Speaking in Washington, US Secretary of State John Kerry condemned the North’s plans to restart the reactor as a ‘provocative act’ and ‘a direct violation of their international obligations’. He continued to assure South Korea that the US was committed to defending its ally. However, some American officials still regard the North’s belligerent activities as brinkmanship in action. Nevertheless, the situation remains volatile. David Cameron, on Thursday, used the North’s latest nuclear tests as part-justification for maintaining the UK Trident nuclear weapons programme, while China has demonstrated increasing unease and ‘special concern’ over the conflict’s potential to spill over their boarder.
Since Pyongyang expelled international inspectors from Yongbyon four years ago, there has been no official verification regarding its facilities. Dr Hecker’s 2010 report remains the most recent source of information concerning the Yongbyon complex. During his visit, Hecker estimated that the North could resume all plutonium operations within ‘approximately six months and produce one bomb’s worth of plutonium per year for some time to come’.

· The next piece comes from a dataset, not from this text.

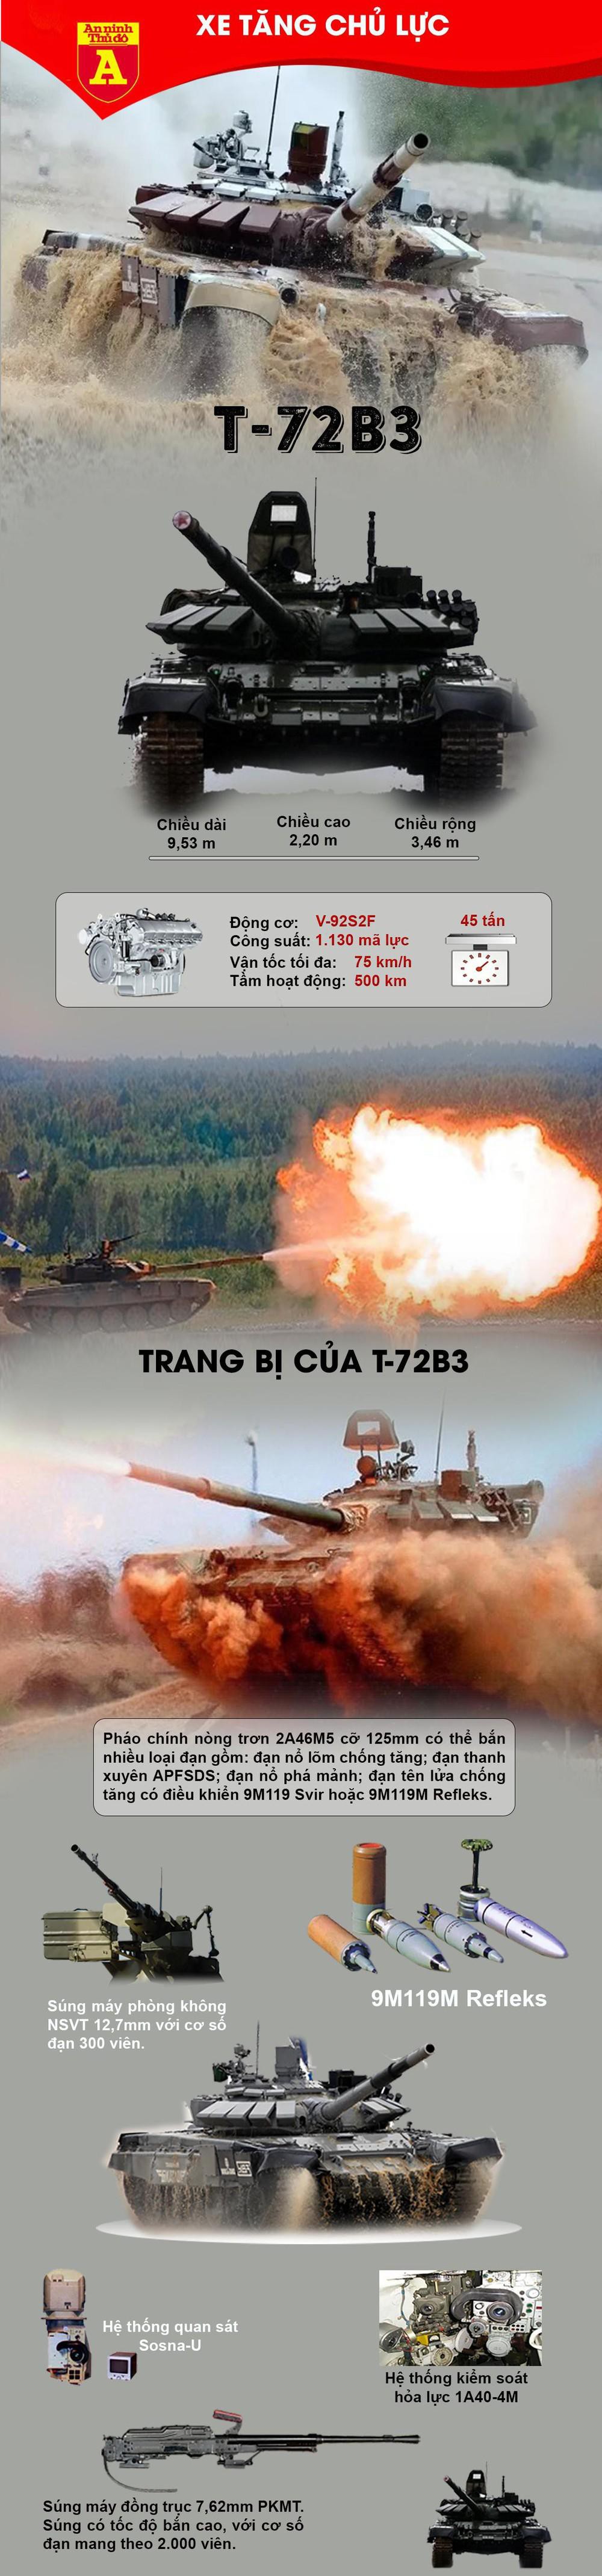 Xe tăng chủ lực T-72B3 bị tên lửa Ukraine thổi bay tháp pháo - Ảnh 1
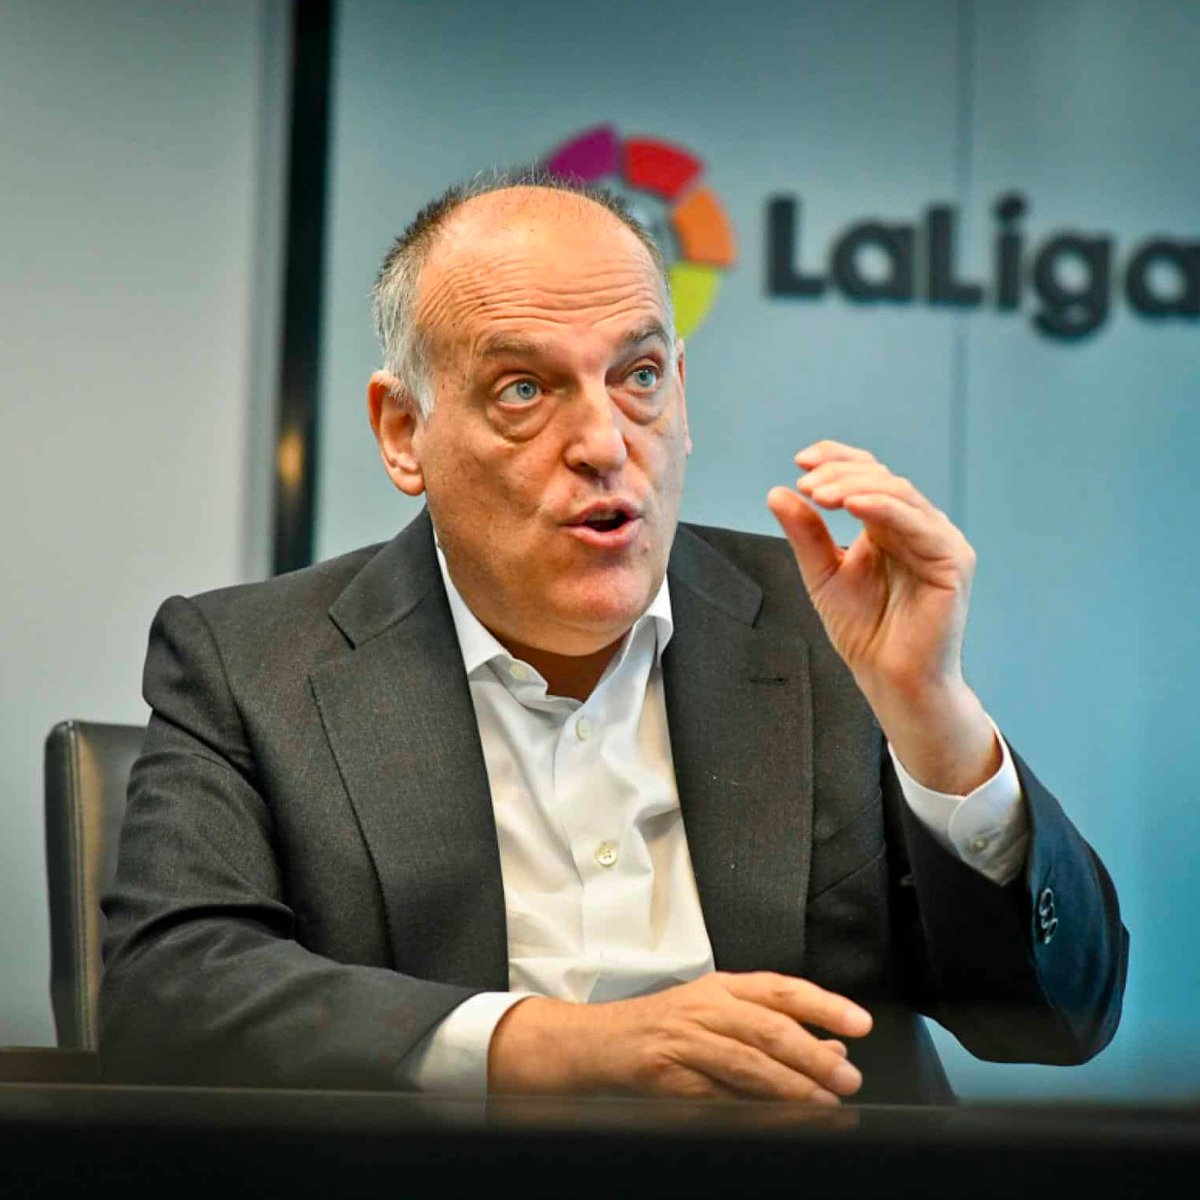 Luis Rubiales, président de la Fédération Espagnole, recadre publiquement Javier Tebas en conférence de presse : 'Je vous demande d’ignorer le comportement irresponsable du président de la Liga qui va sur les réseaux sociaux pour se lancer dans un débat avec un joueur qui a reçu,…

However, this estimation is becoming increasingly dated. And there are clear drawbacks to relying too heavily upon a single individual’s approximations. Furthermore, since withdrawing from the Six-Party Talks and the NPT, the North is under no obligation to disclose any information concerning its activities. At the same time, the North’s enrichment operations gives it a second route to the production of nuclear weapons-usable fissile material.
There still exists a great deal of uncertainty over the current state of North Korea’s facilities. Dr Hecker could only report on the areas he had access to. The possibility that the North has developed additional facilities capable of producing either plutonium or enriched uranium cannot be ruled out. To give an example, the existence of the Fordow Enrichment Plant in Iran remained a secret until Tehran revealed the facility in a letter to the IAEA in September 2009 (when it was on the verge of exposure by Western powers).
Indeed, verification of any suspected nuclear facilities is not straightforward, especially where no on-the-ground access can be had. Satellite photos are the most common means for detecting the build-up of infrastructure and other features of interest in such situations. Clandestine enrichment activities, however, are virtually undetectable and can be hidden in otherwise nondescript warehouse-style buildings.
With tension currently running so high on the Korean Peninsula, the need for verifiable information concerning the North’s nuclear programme is crucial. However, the existing atmosphere of provocation between Pyongyang and the US threatens to perpetuate the present state of affairs: keeping the West in the dark.